The terms of the farm-out require the farm-inee to fund the cost of the next there Eagle Ford wells. At completion, the farm-inee will earn 70%. The three horizontal wells are expected to cost US$8m per well. The agreement covers 4,295 acres while Austin retains a 645 acre parcel. Austin will receive a US$1.95m up-front payment for an 18-month exclusivity option over the block during the drilling program. DJ Carmichael thinks this is a compelling endorsement of the work program to date, valuing the deal at US$8,650 per acre which would provide a 20 times return on Austin's original investment.

The Pathfinder project involves an 85% interest (65% net revenue interest) in 11,500 acres of high quality shale assets. The remaining 15% is held by JV partner Thomasson Petroleum. The acquisition cost was US$200 per acre. The first Niobrara well has been completed to 5,920 feet. It was the first to be drilled through the Pierre shale formation and the first into the Niobrara in the Florence field. It flowed oil and natural gas to surface at 403 boepd . Despite the results the market reaction was non committal. DJ Carmichael suspects this is because of the higher-than-expected gas ratio, as the market was expecting primary oil.

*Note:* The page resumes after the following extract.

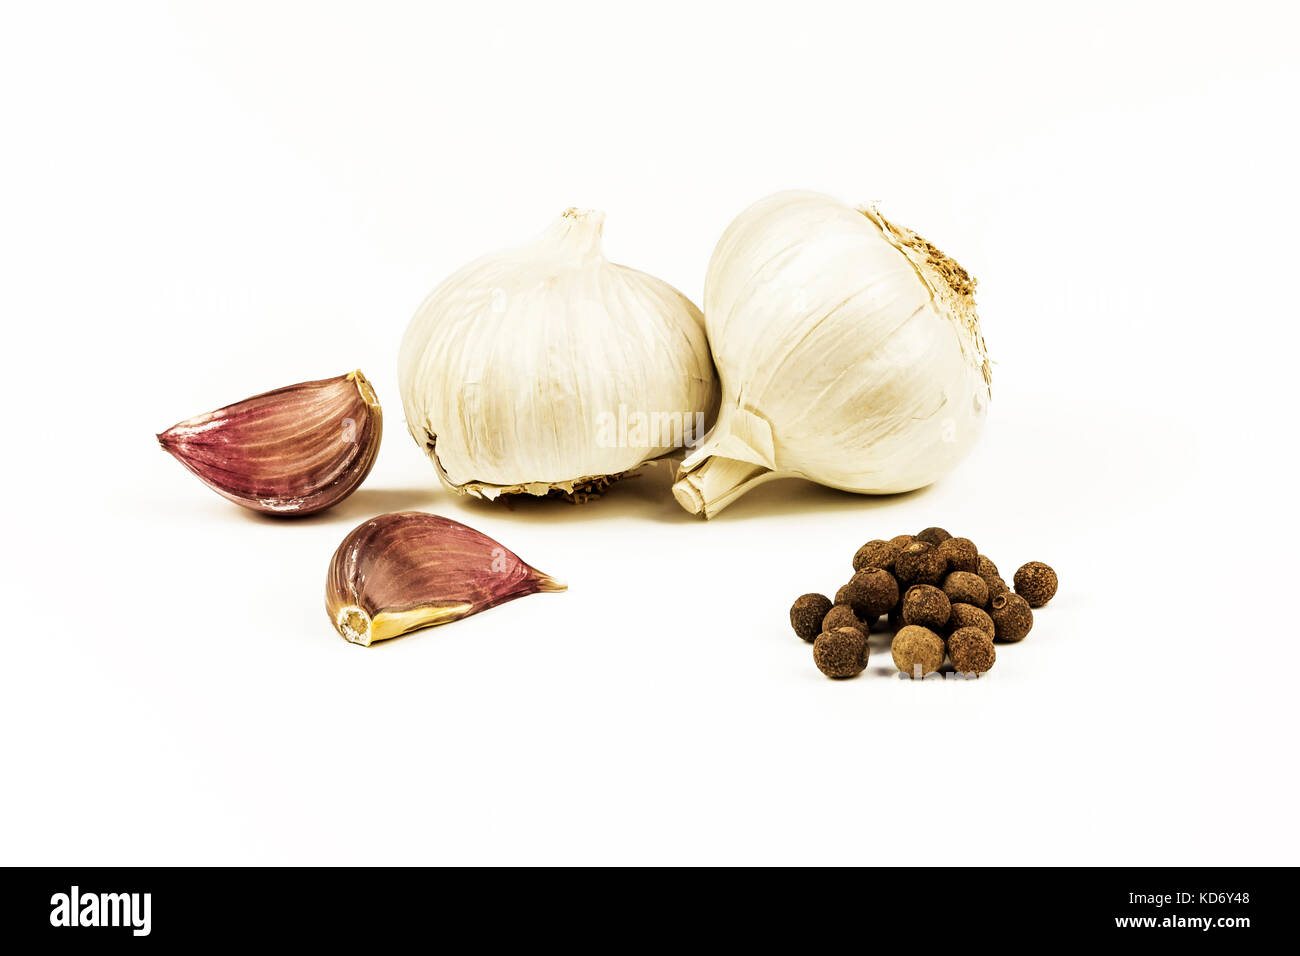 On a white background lie heads and uncooked cloves of garlic with peppercorns Stock Photo

Of note, this was the first well drilled in a relatively greenfield area and the broker expects further appraisal, that will be funded by the recent farm-out, could unlock significant value.

Austin will farm out 30% of its 85% working interest, retaining 55%, and be carried for the drilling costs of the next two horizontal wells. Austin will remain the operator. DJ Carmichael values the deal at US$3,480/acre, which would represent a substantial return on the entry cost. The potential upside is seen as substantial if the future development wells deliver in line with the nearby Wattenberg wells being drilled by Anadarko. Austin will sell the gas at the well head from Pathfinder to Mercator Energy, having signed a Heads of Agreement last month.

Mercator Energy will fund the development of the gas infrastructure and retain a percentage of the NYMEX natural gas price component of the final price that Austin receives. Construction of stage one is expected to be completed in six to nine months. This should allow the greater portion of the gas that is being produced from the Pathfinder horizontal well to be sold and on line in time for the completion of the next horizontal well, expected to spud in the fourth quarter of 2013. The company has also completed a buy-out of the third commitment well required to spud by June 30 2013. The forward commitment will be to drill a further two wells by June 2014.

DJ Carmichael believes the stock is a speculative buying opportunity. The farming out of the key acreage reduces funding risk and provides leverage to a drilling program which could unlock material reserves. There are a number of near-term catalysts for the stock. The Birch project farm-out will be finalised at the end of this month and Pathfinder at the end of August. A reserves report is expected by the end of the September quarter. The broker values the stock at 2.6c a share.